Cosine similarity is 0.87 — above the 0.85 threshold:
```
[mcpkill] CACHE HIT [47 chunks] original=8340t
[mcpkill] → returning 4/4 chunks (~620t)
```
The `'use client'` + `startTransition` chunks surface to the top because
they score highest against the new query embedding.
---
## End-of-session stats
```bash
mcpkill stats
```
```
┌─────────────────────────────────────────┐
│ mcpkill cache stats │
├─────────────────────────────────────────┤
│ Cache entries 2 │
│ Stored chunks 85 │
│ Cache hits 3 (60%) │
├─────────────────────────────────────────┤
│ Tokens (original) 22 860 │
│ Tokens (returned) 2 850 │
│ Tokens saved ~20 010 (88%) │
├─────────────────────────────────────────┤
│ DB size 0.14 MB │
└─────────────────────────────────────────┘
```
5 queries, 88% token reduction.

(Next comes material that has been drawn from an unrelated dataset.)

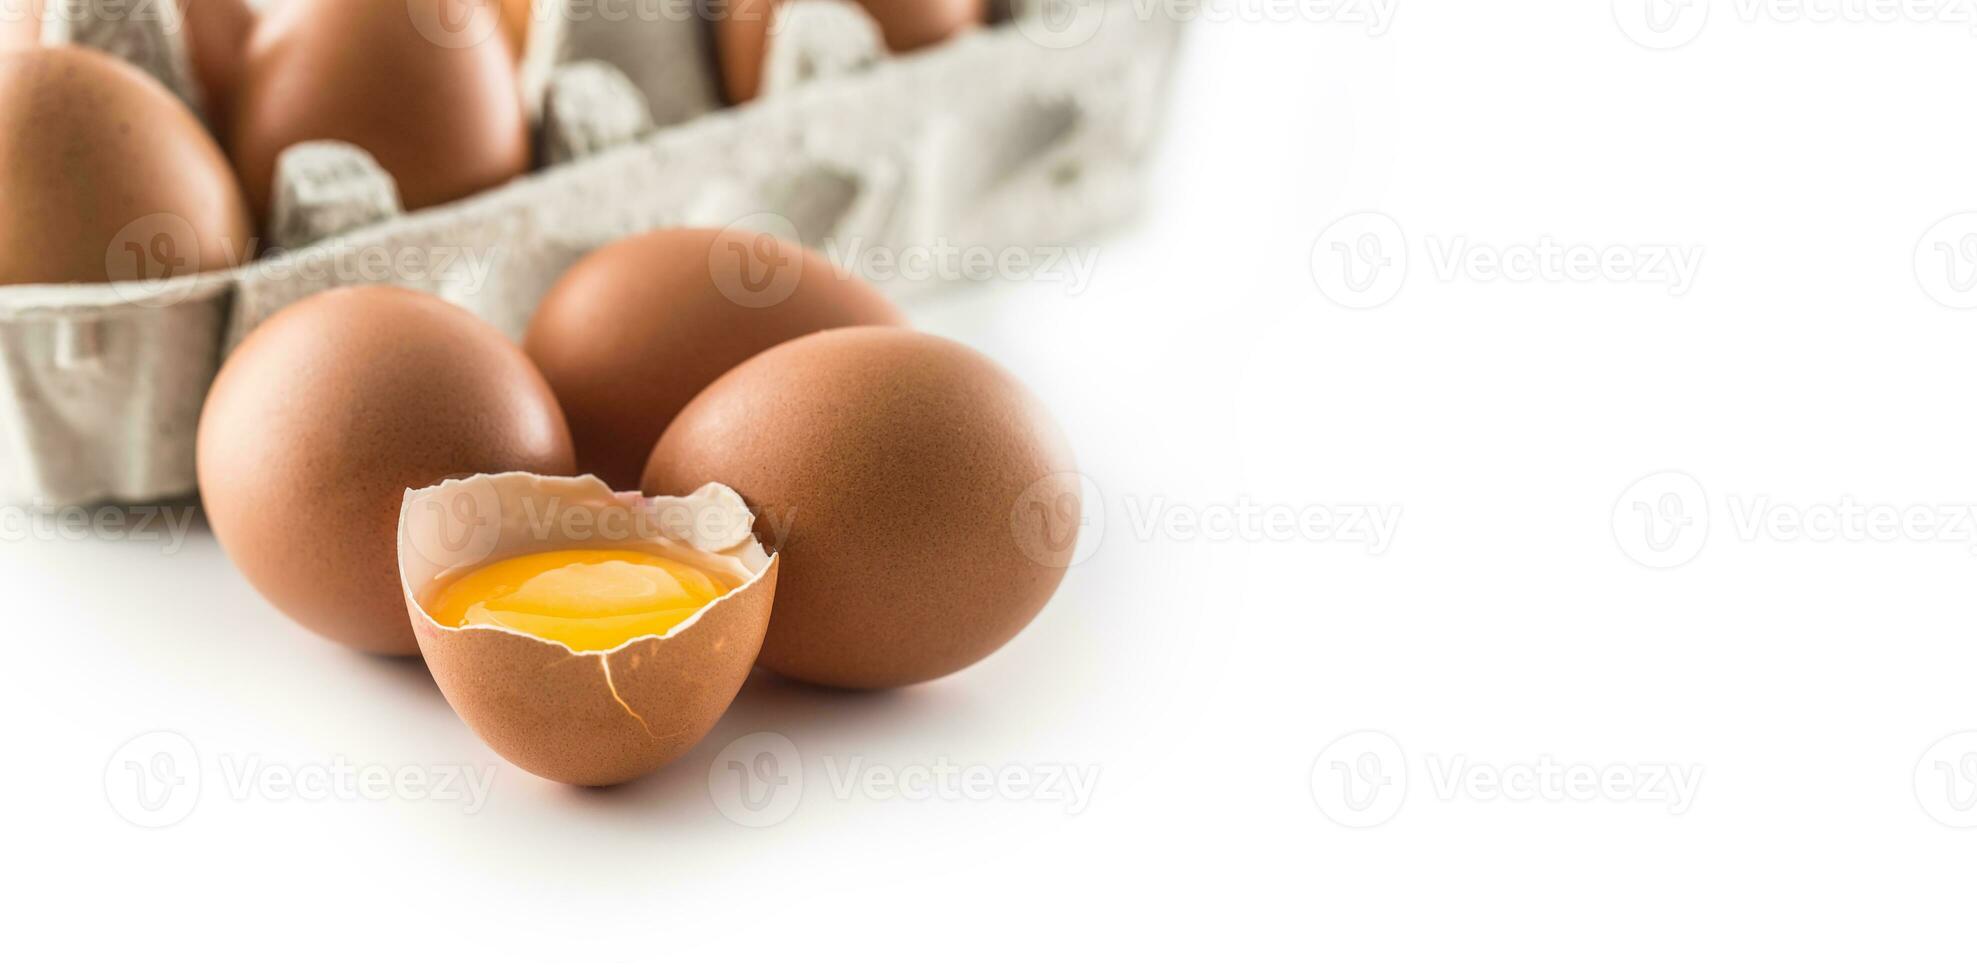 Chicken eggs and broken egg with yolk isolated on white background photo
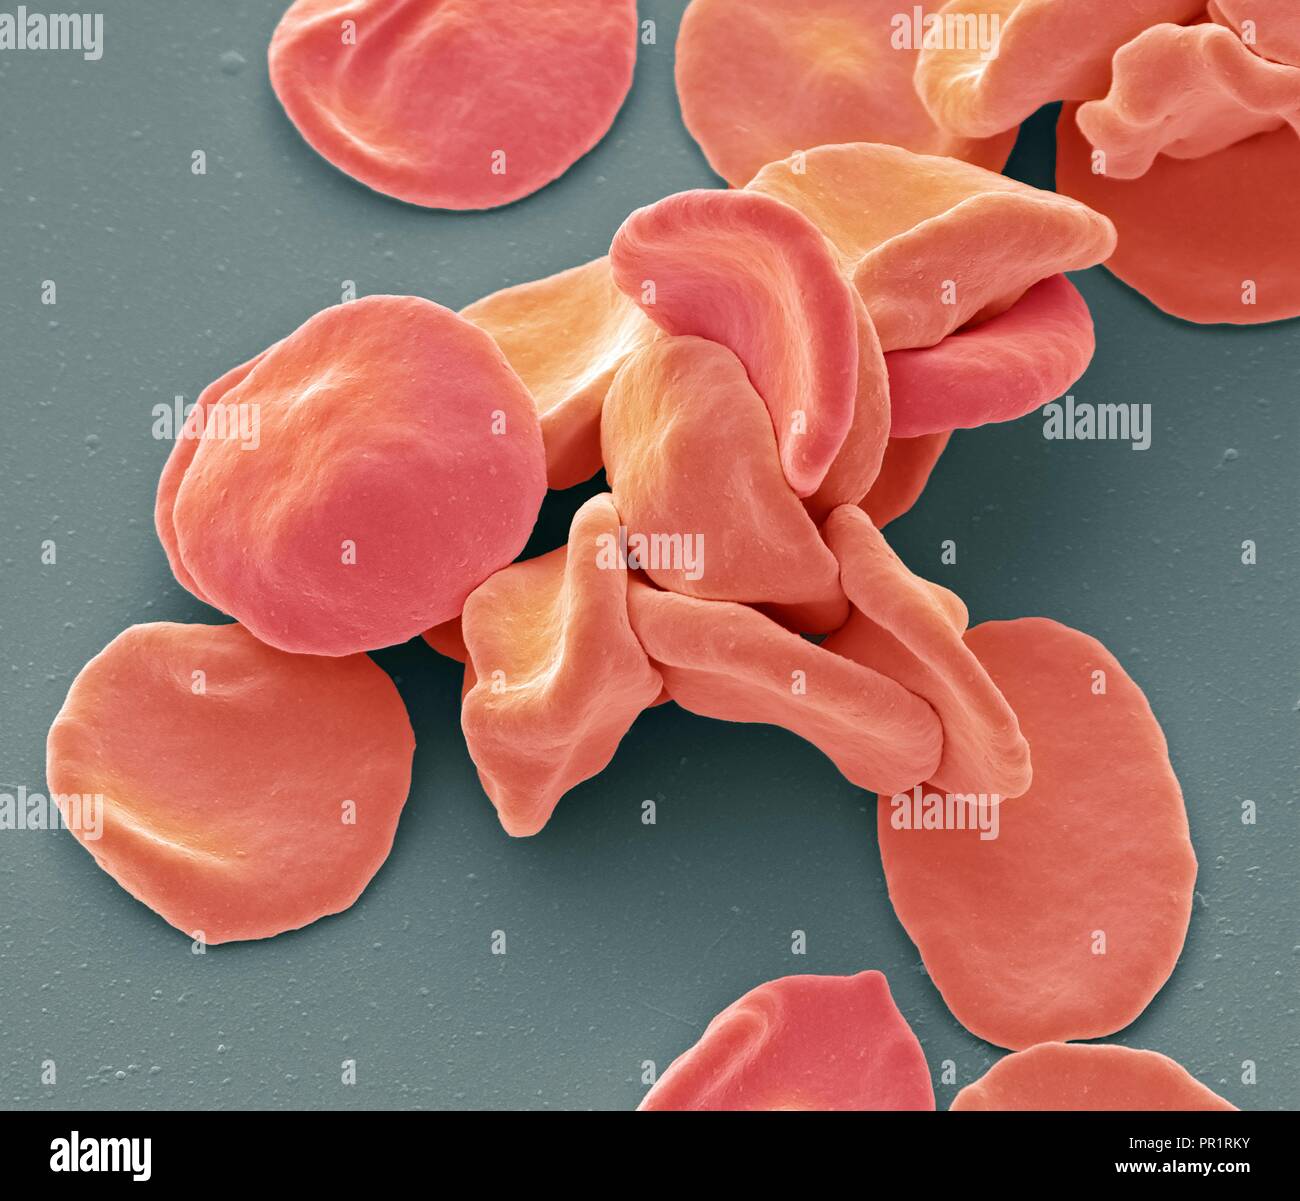 Coloured scanning electron micrograph (SEM) of red blood cells (RBCs,  erythrocytes). Red blood cells are biconcave, disc-shaped cells that  transport oxygen from the lungs to body cells. They circulate in the blood

On a paid plan where context tokens cost
money, that's roughly **12× cheaper** for documentation lookups.
---
## What happened under the hood
```
Query 1 (cold)
Claude ──► mcpkill ──► context7
│
└─ MISS: chunk(8340t) → embed 47 chunks → store → return top-4 (610t)
Query 2 (warm, same topic)
Claude ──► mcpkill ──► context7
│
└─ HIT (cosine 0.91): re-rank 47 stored chunks → return top-4 (580t)
context7 response discarded before token counting
Query 5 (warm, related topic)
Claude ──► mcpkill ──► context7
│
└─ HIT (cosine 0.87): same 47 chunks, different top-4 (620t)
chunk about startTransition now ranks #1
```
The embedding model runs locally (~5 ms per query, all-MiniLM-L6-v2).
No data leaves your machine beyond the normal MCP call to context7.
---
## Tuning for your workflow
| Getting chunks that are too broad | `--max-chunks 2` |
| Cache hits on unrelated queries | `--threshold 0.92` |
| Stale docs (fast-moving library) | `--ttl-days 1` |
| Large codebase, many MCP servers | `--max-db-mb 500` |
| Debugging what gets filtered | `--dry-run --verbose` |
```bash
# Example: stricter cache, more chunks, weekly TTL
mcpkill --threshold 0.90 --max-chunks 6 --ttl-days 7 -- npx -y @upstash/context7-mcp
```
Or persist in `~/.mcpkill.toml` so every session picks it up automatically:
```toml
threshold = 0.90
max_chunks = 6
ttl_days = 7
```
---
## Works with any MCP server
mcpkill wraps any stdio MCP server — not just context7:
```json
// .claude/settings.json
{
"mcpServers": {
"context7": {
"command": "mcpkill",
"args": ["--", "npx", "-y", "@upstash/context7-mcp"]
},
"filesystem": {
"command": "mcpkill",
"args": ["--", "npx", "-y", "@modelcontextprotocol/server-filesystem", "/home/user/project"]
},
"github": {
"command": "mcpkill",
"args": ["--max-chunks", "6", "--", "npx", "-y", "@modelcontextprotocol/server-github"]
}
}
}
```
Servers with small, targeted responses (e.g. a single-row database lookup)
will rarely benefit from caching. Servers that return large blobs of text —
documentation, file trees, search results — see the biggest savings.